On Wed, 17 Jun 2020 at 00:21, Jason A. Donenfeld <Jason@...c4.com> wrote:
>
> Hi Rafael, Len,
>
> Looks like I should have CC'd you on this patch. This is probably
> something we should get into 5.8-rc2, so that it can then get put into
> stable kernels, as some people think this is security sensitive.
> Bigger picture is this:
>
> https://data.zx2c4.com/american-unsigned-language-2.gif
> https://data.zx2c4.com/american-unsigned-language-2-fedora-5.8.png
>
> Also, somebody mentioned to me that Microsoft's ACPI implementation
> disallows writes to system memory as a security mitigation. I haven't
> looked at what that actually entails, but I wonder if entirely
> disabling support for ACPI_ADR_SPACE_SYSTEM_MEMORY would be sensible.
> I haven't looked at too many DSDTs. Would that break real hardware, or
> does nobody do that? Alternatively, the range of acceptable addresses
> for SystemMemory could exclude kernel memory. Would that break
> anything? Have you heard about Microsoft's mitigation to know more
> details on what they figured out they could safely restrict without
> breaking hardware? Either way, food for thought I suppose.
>

ACPI_ADR_SPACE_SYSTEM_MEMORY may be used for everything that is memory
mapped, i.e., PCIe ECAM space, GPIO control registers etc.
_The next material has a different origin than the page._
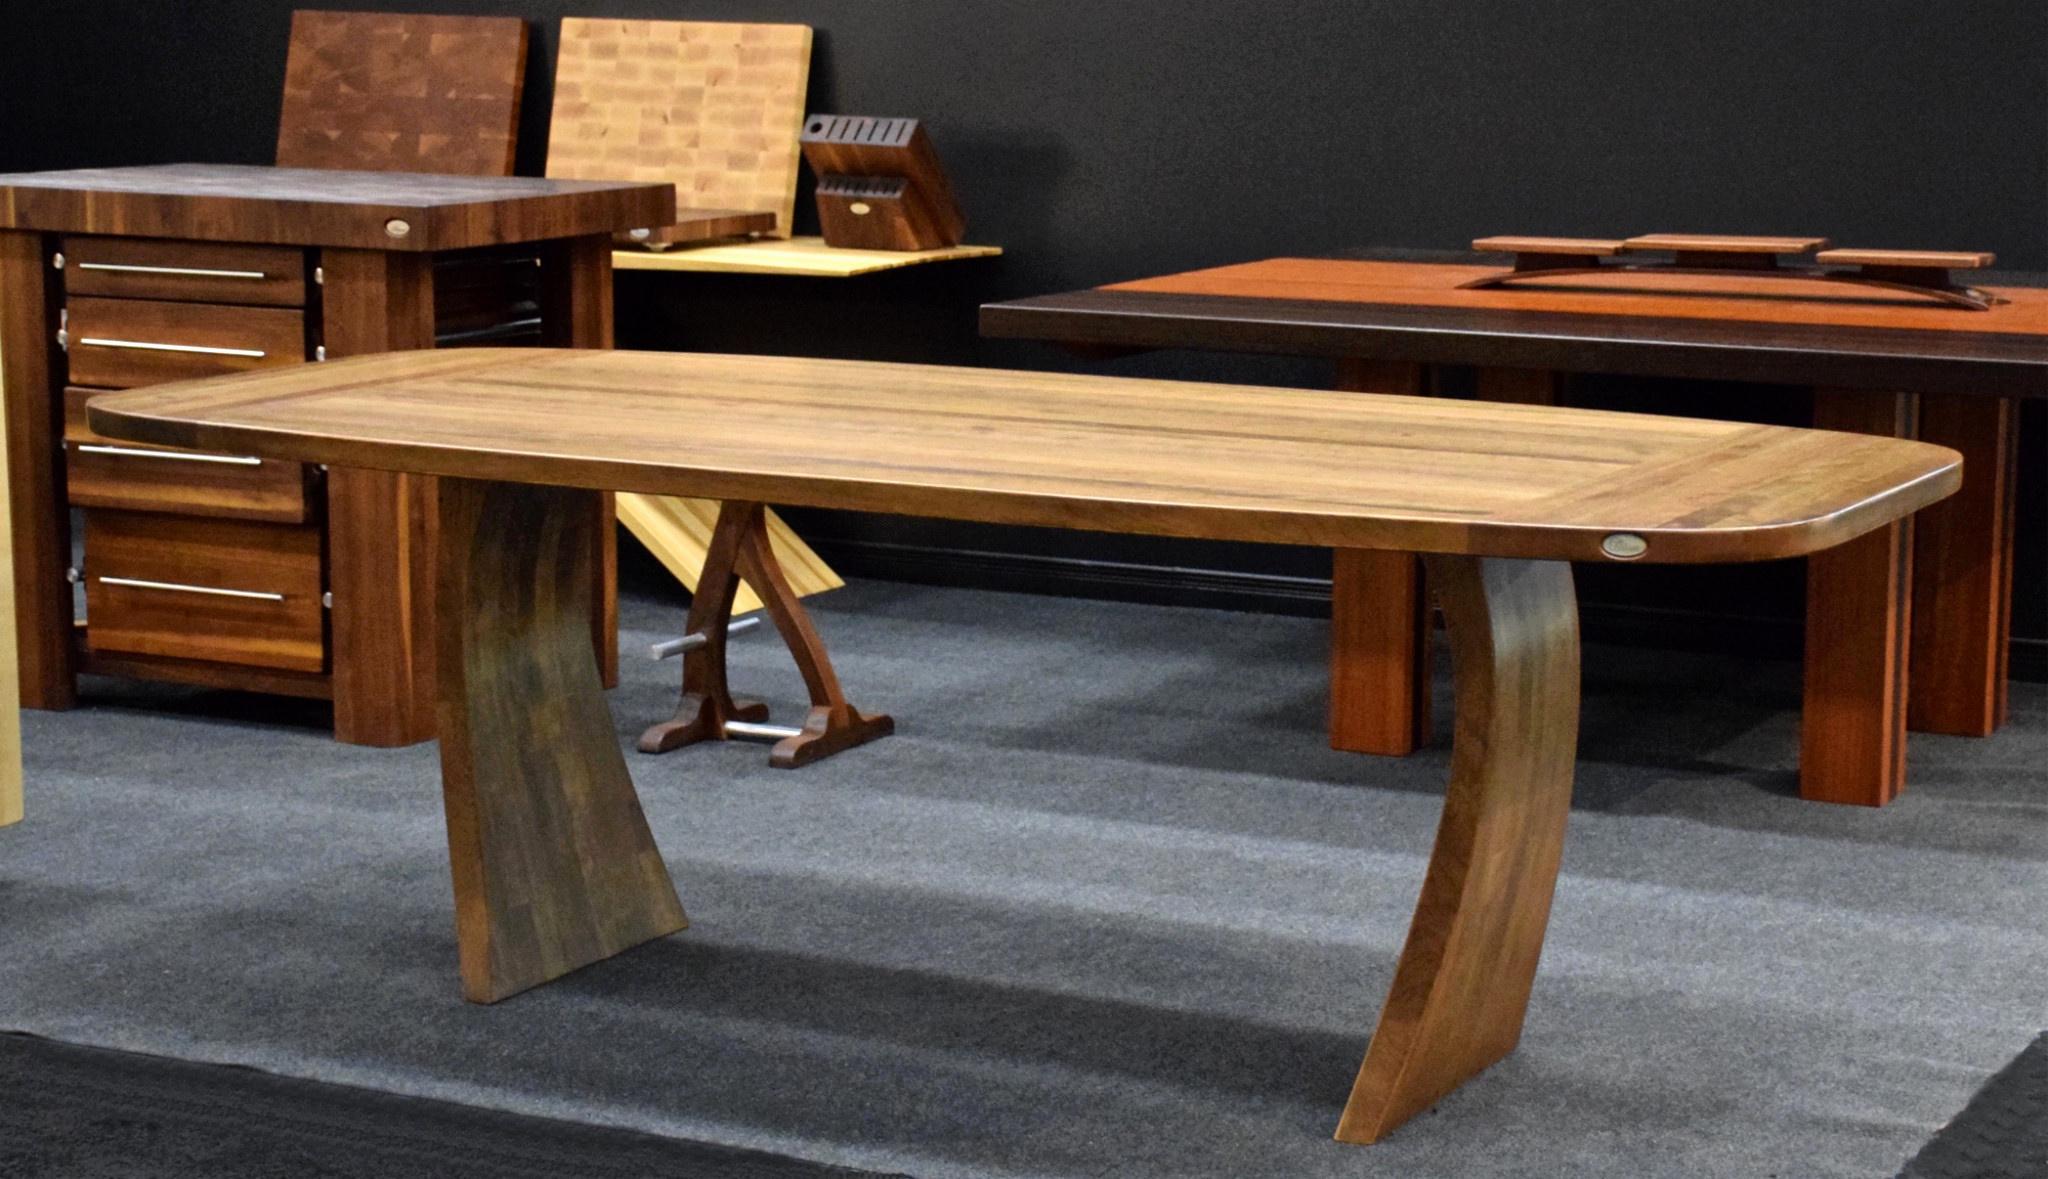 table ovale extensible nouveau elegant table ovale extensible bois belle table de salle a manger of table ovale extensible
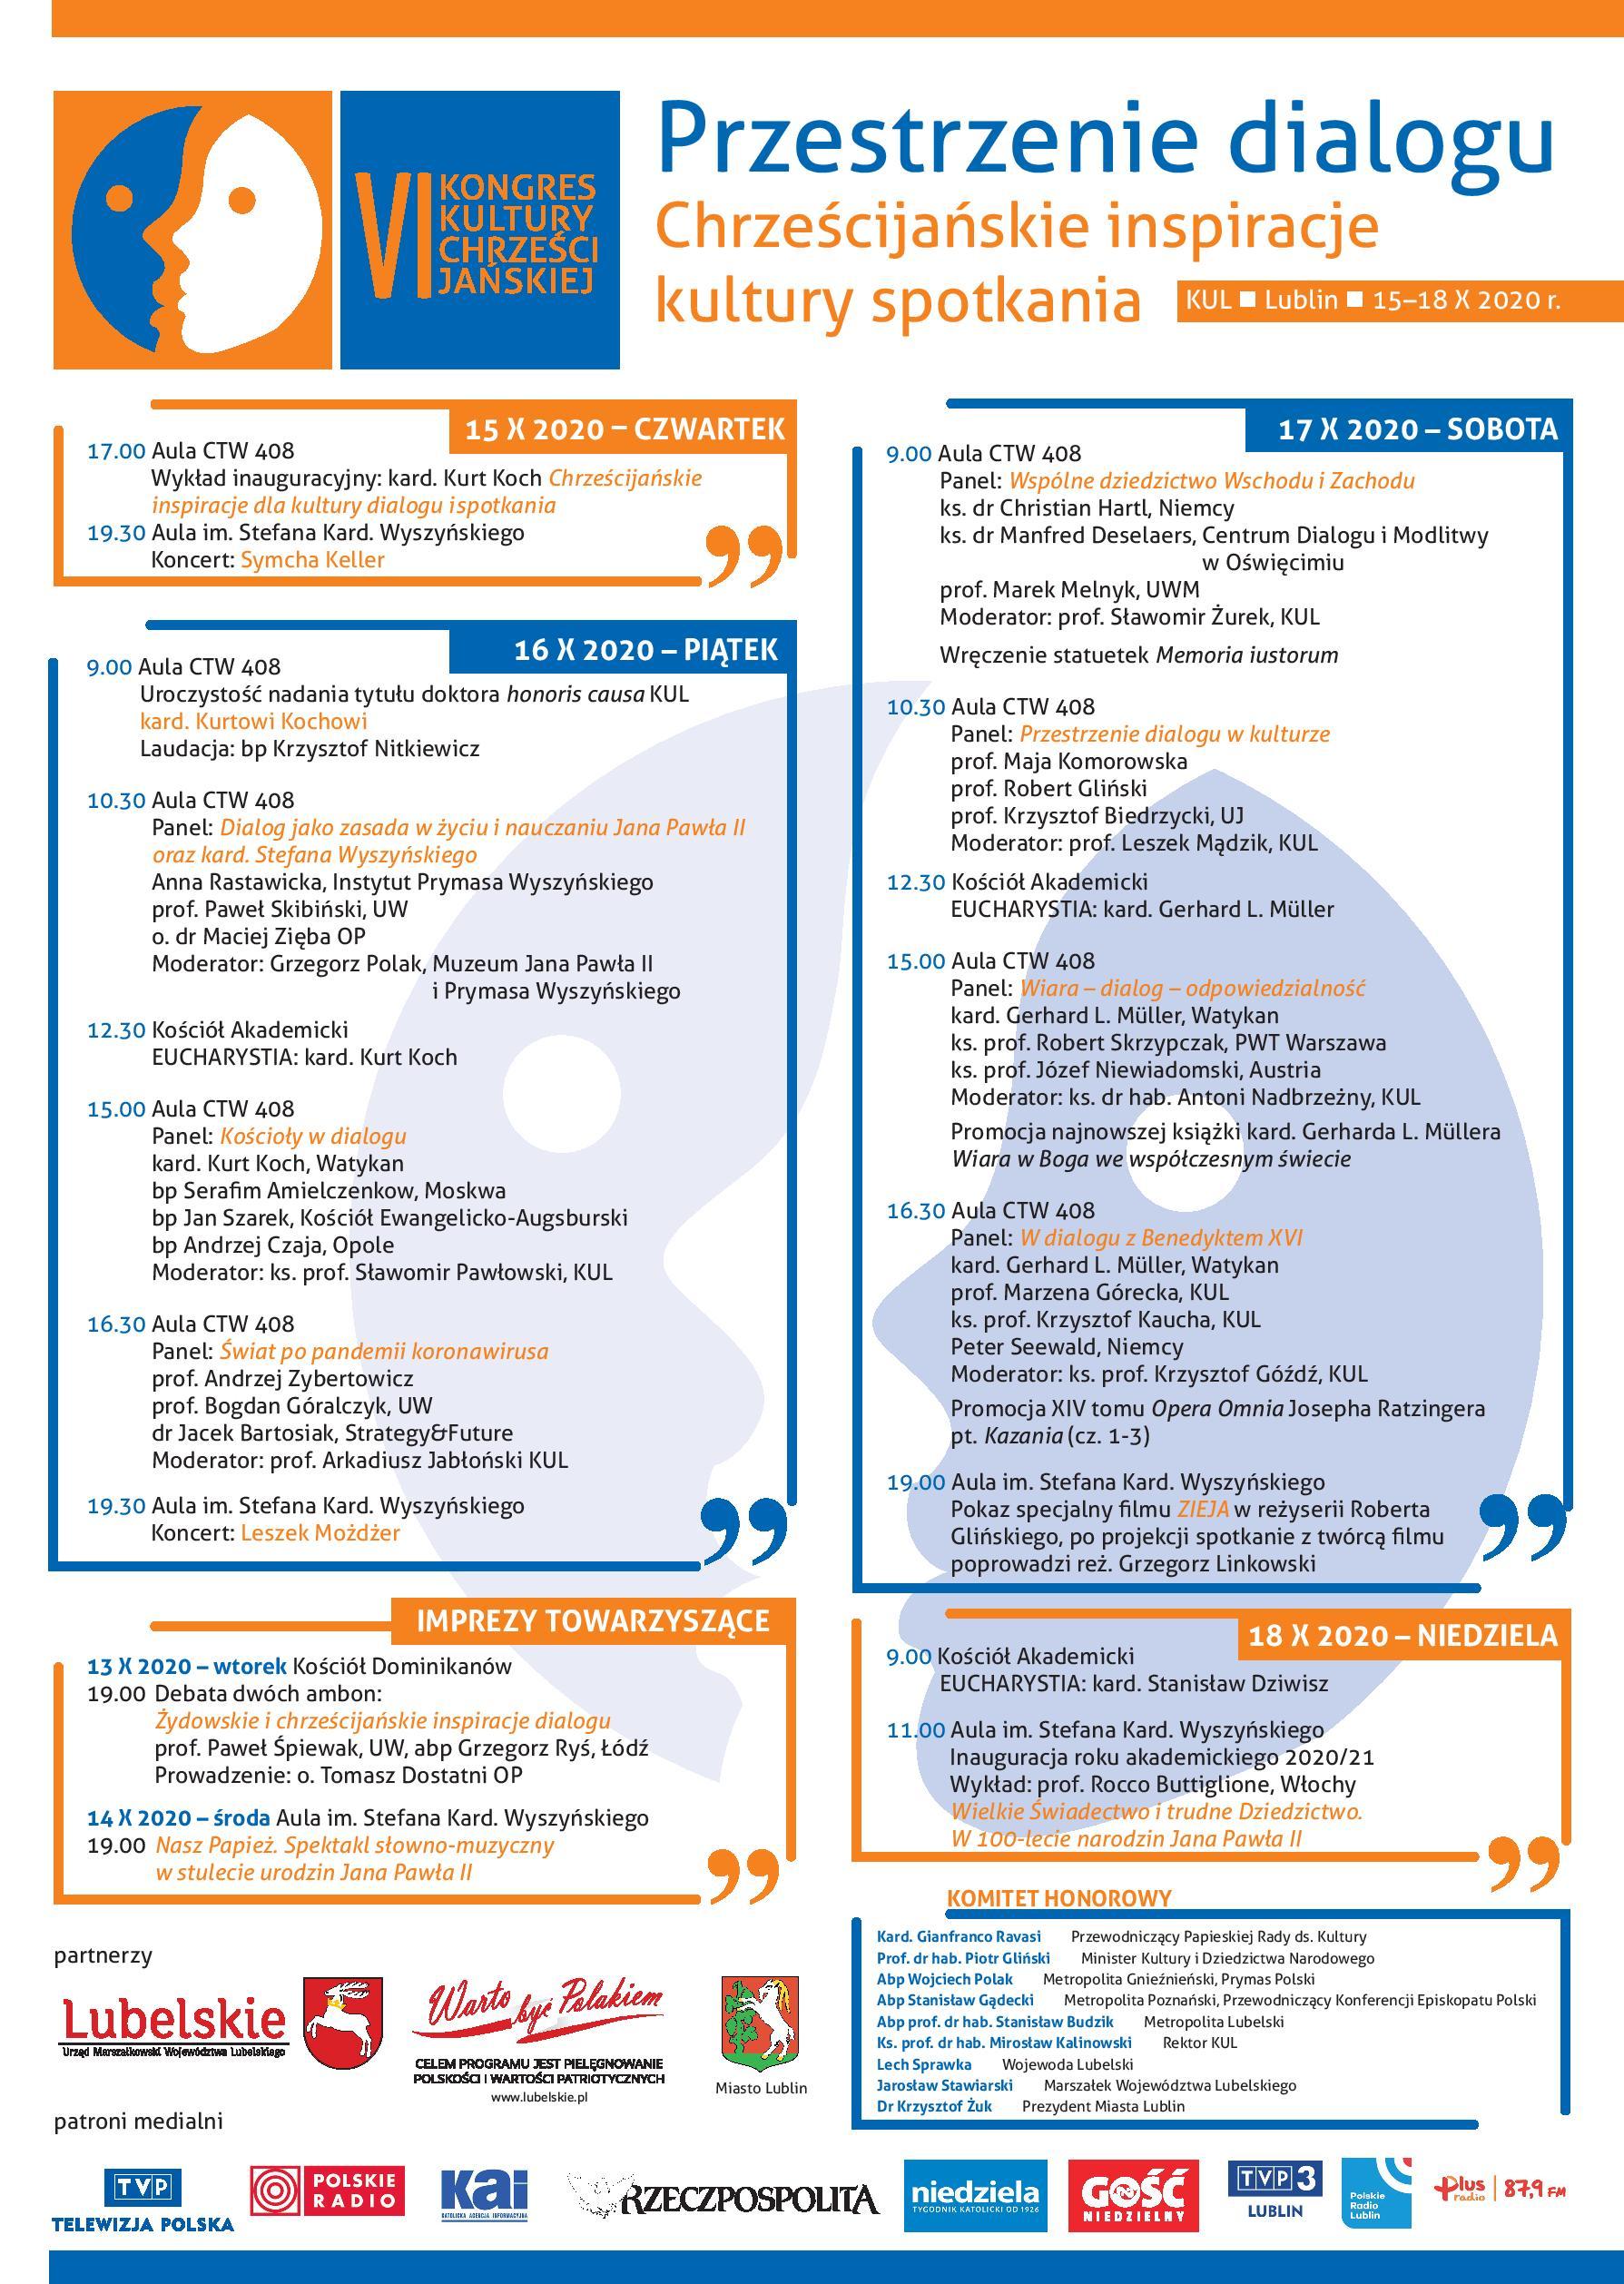 Plakat VI Kongresu Kultury Chrześcijańskiej przedstawiający plan wydarzeń

I agree that using ACPI_ADR_SPACE_SYSTEM_MEMORY for any memory that is
under the kernel's control is a bad idea, and this should be easy to
filter out: the SystemMemory address space handler needs the ACPI
support routines to map the physical addresses used by AML into
virtual kernel addresses, so all these accesses go through
acpi_os_ioremap(). So as a first step, it should be reasonable to put
a lockdown check there, and fail any access to OS owned memory if
lockdown is enabled, and print a warning if it is not.